University of North Carolina-Chapel Hill, Department of Psychology, NC, United States.
Schizophr Res. 2011 Feb;125(2-3):247-56. doi: 10.1016/j.schres.2010.08.006.
The Graduated Recovery Intervention Program (GRIP) is a new individual cognitive-behavioral therapy program designed to facilitate functional recovery in people who have experienced an initial episode of psychosis. The purposes of this study were to evaluate the feasibility and tolerability of the GRIP intervention, and to compare the effectiveness of GRIP versus treatment as usual (TAU) for improving specific clinical and psychosocial outcomes. Forty-six individuals with first episode psychosis were randomized to GRIP+TAU or TAU alone. Primary outcomes focused on social and role functioning, and quality of life. Secondary outcomes included psychotic symptoms, depression, substance use, social support, attitudes toward medications, well-being, and hospitalizations. The results indicate that GRIP was well-tolerated, as evidenced by good attendance and low drop-out rates, and well-received (based on positive feedback from participants).

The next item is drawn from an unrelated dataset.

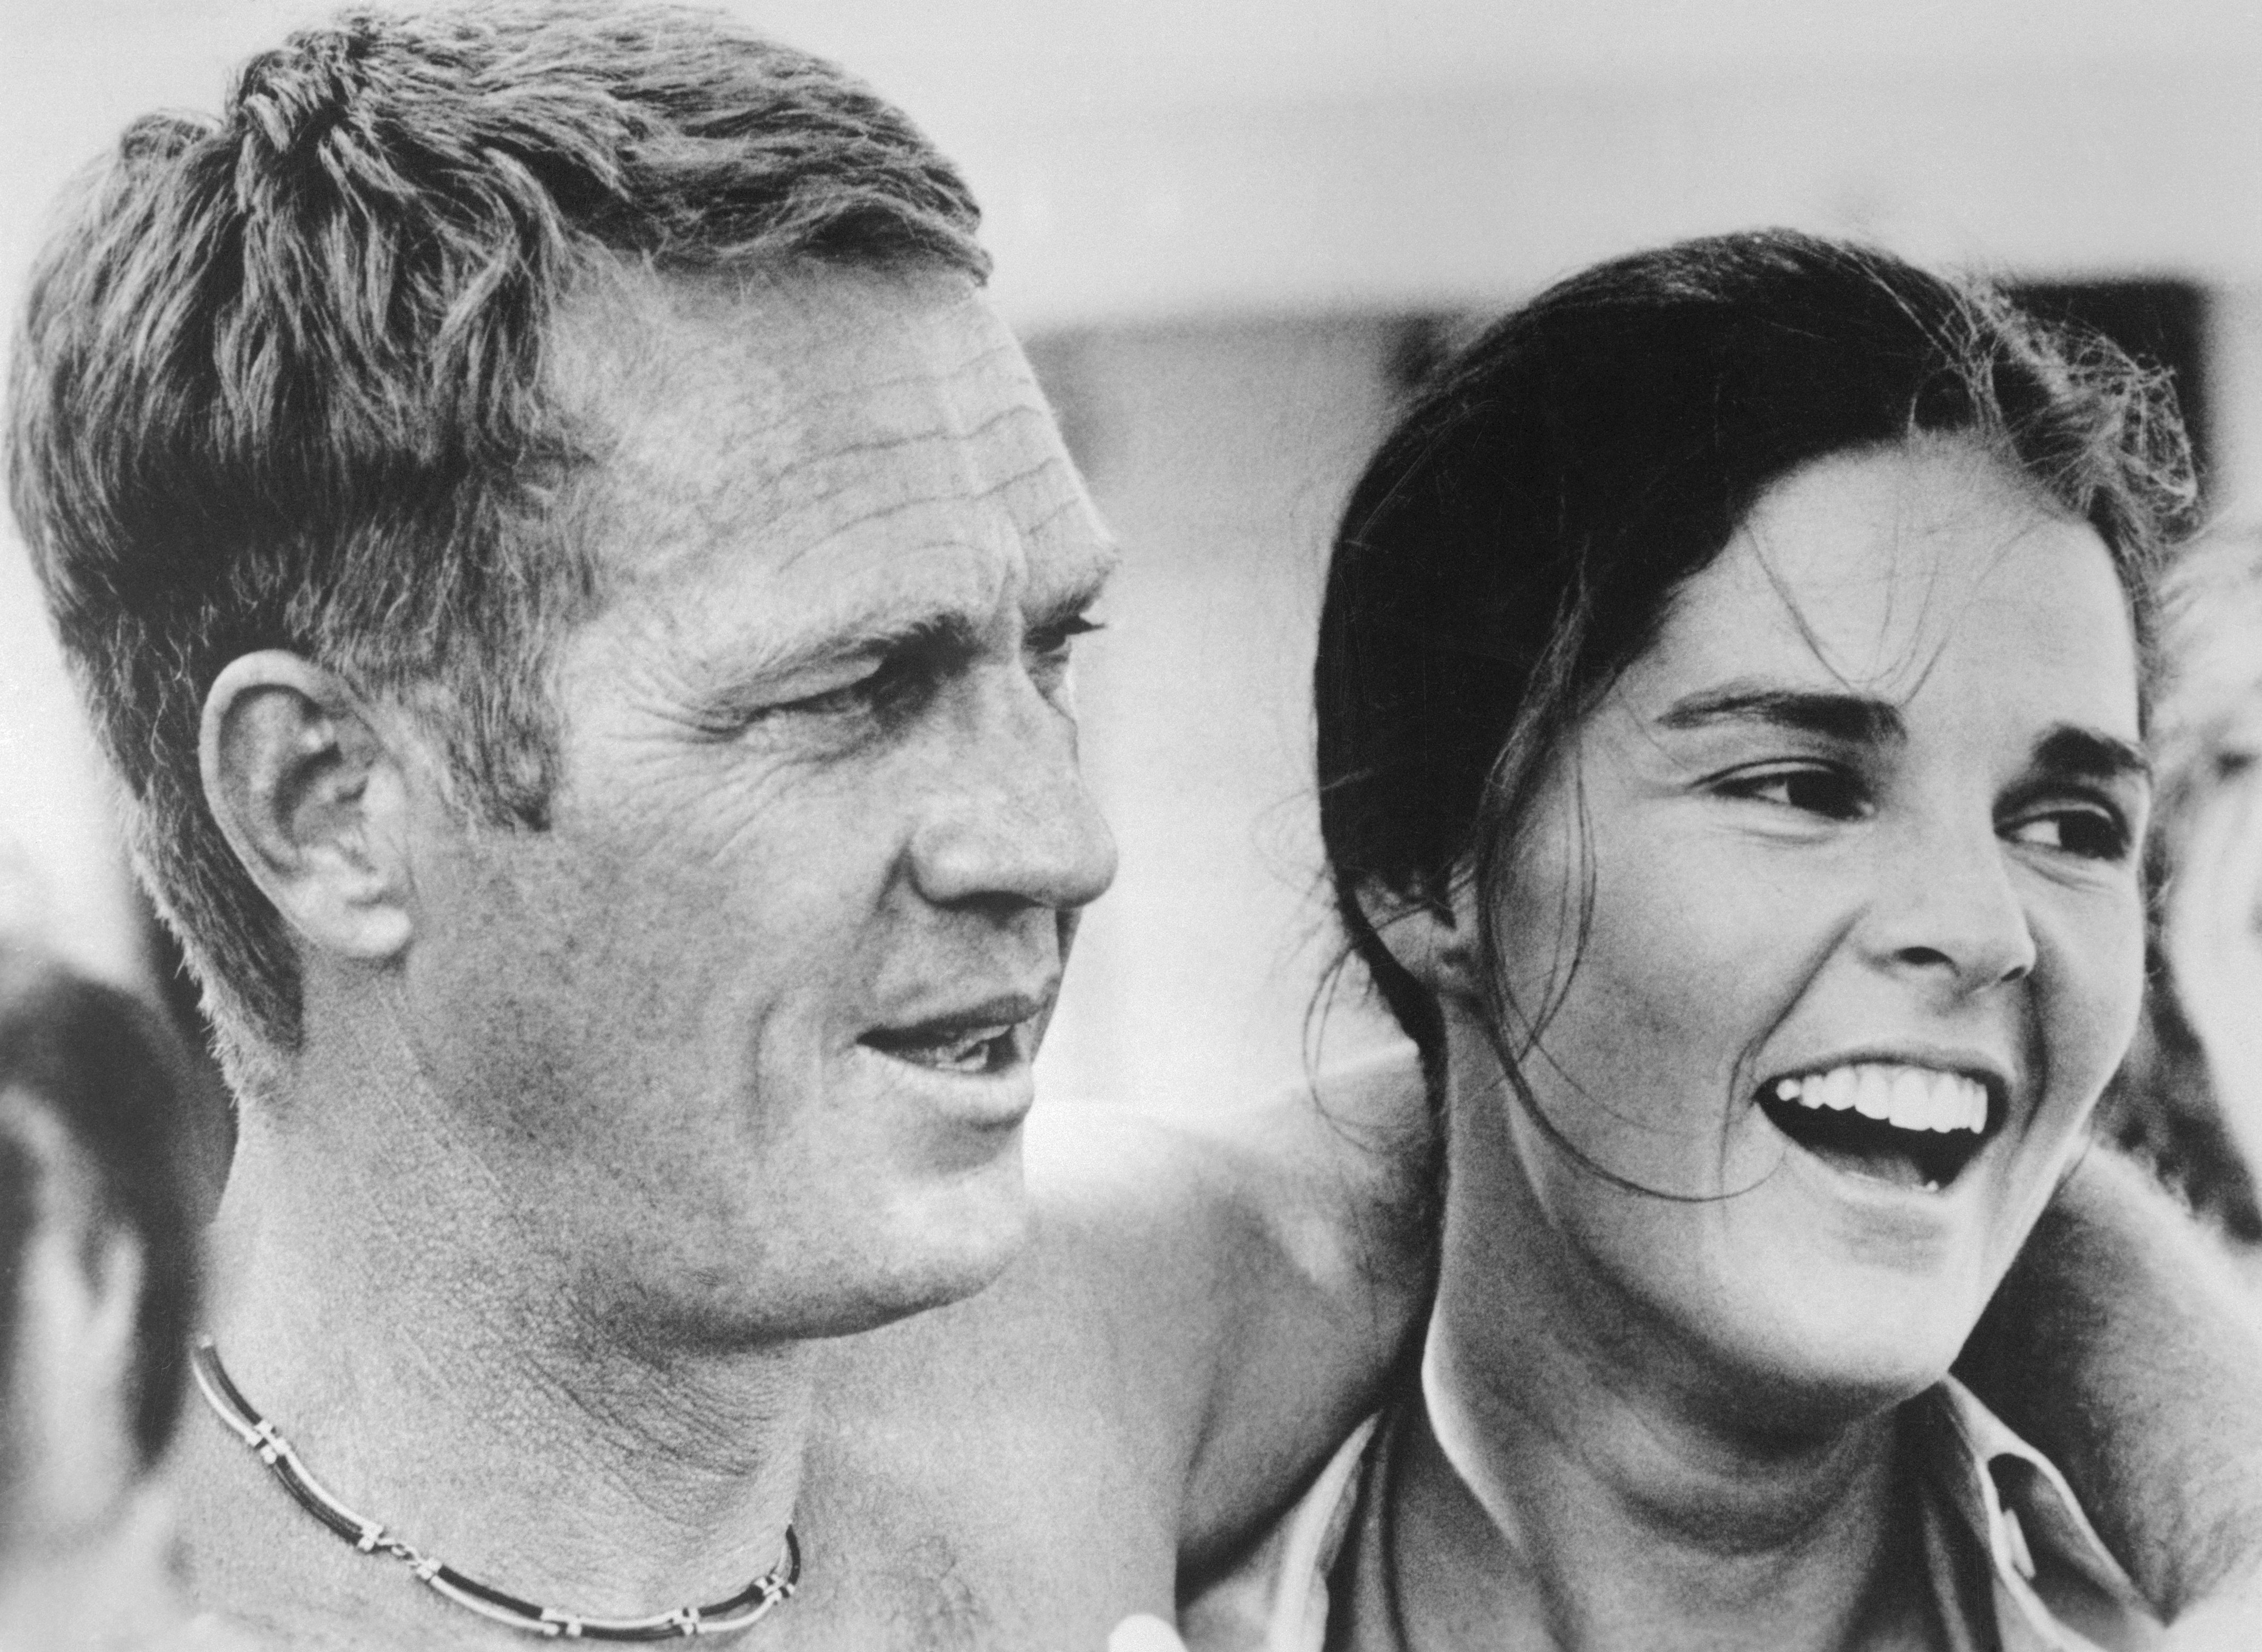 Steve McQueen and Ali MacGraw in a scene from the 1972 movie "The Getaway" | Source: Getty Images

Although the majority of mixed model analyses were not statistically significant, examination of within-group changes and effect sizes suggests an advantage for GRIP over TAU in improving functional outcomes. These advantages and the fact that the GRIP intervention demonstrated feasibility and tolerability suggest that this intervention is worthy of further investigation.

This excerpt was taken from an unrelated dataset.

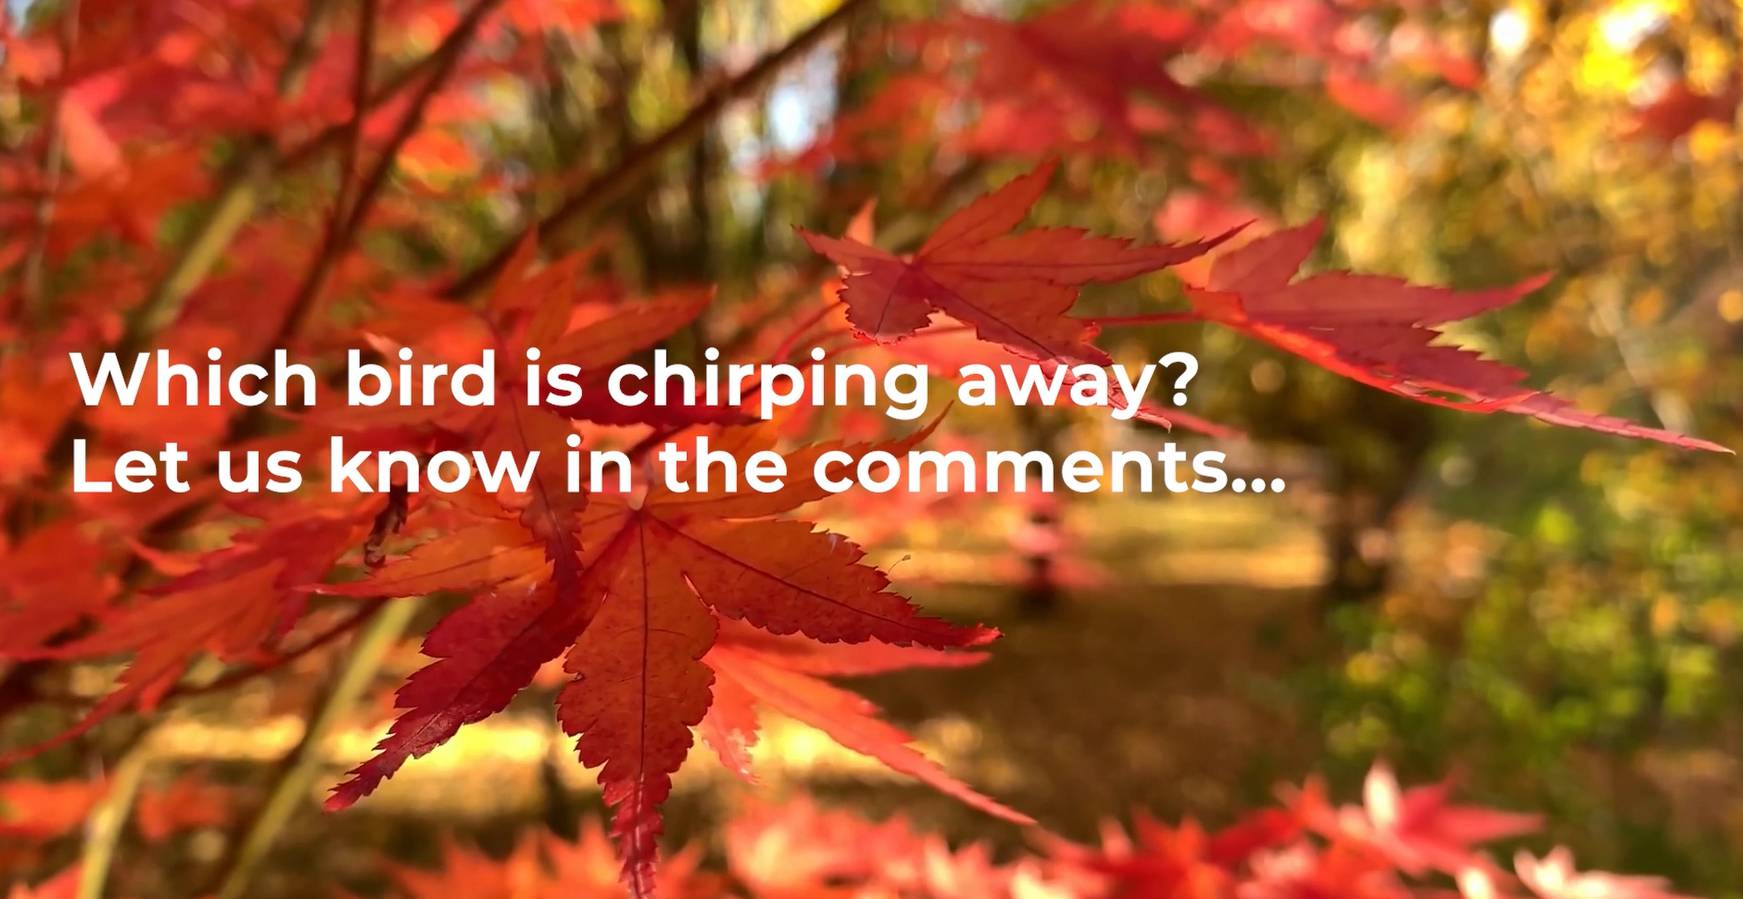 Which bird is chirping away?

分级康复干预方案(GRIP)是一种新的个体认知行为疗法方案,旨在促进经历首次精神病发作的人群的功能康复。本研究的目的是评估 GRIP 干预的可行性和耐受性,并比较 GRIP 与常规治疗(TAU)在改善特定临床和心理社会结局方面的效果。46 名首发精神病患者被随机分配到 GRIP+TAU 或 TAU 组。主要结局指标聚焦于社会和角色功能以及生活质量。次要结局指标包括精神病症状、抑郁、物质使用、社会支持、对药物的态度、幸福感和住院情况。结果表明,GRIP 具有良好的耐受性,表现在高出席率和低辍学率,以及良好的接受度(基于参与者的积极反馈)。尽管大多数混合模型分析没有统计学意义,但组内变化和效应大小的检查表明,GRIP 在改善功能结局方面优于 TAU。这些优势以及 GRIP 干预方案表现出的可行性和耐受性表明,该干预方案值得进一步研究。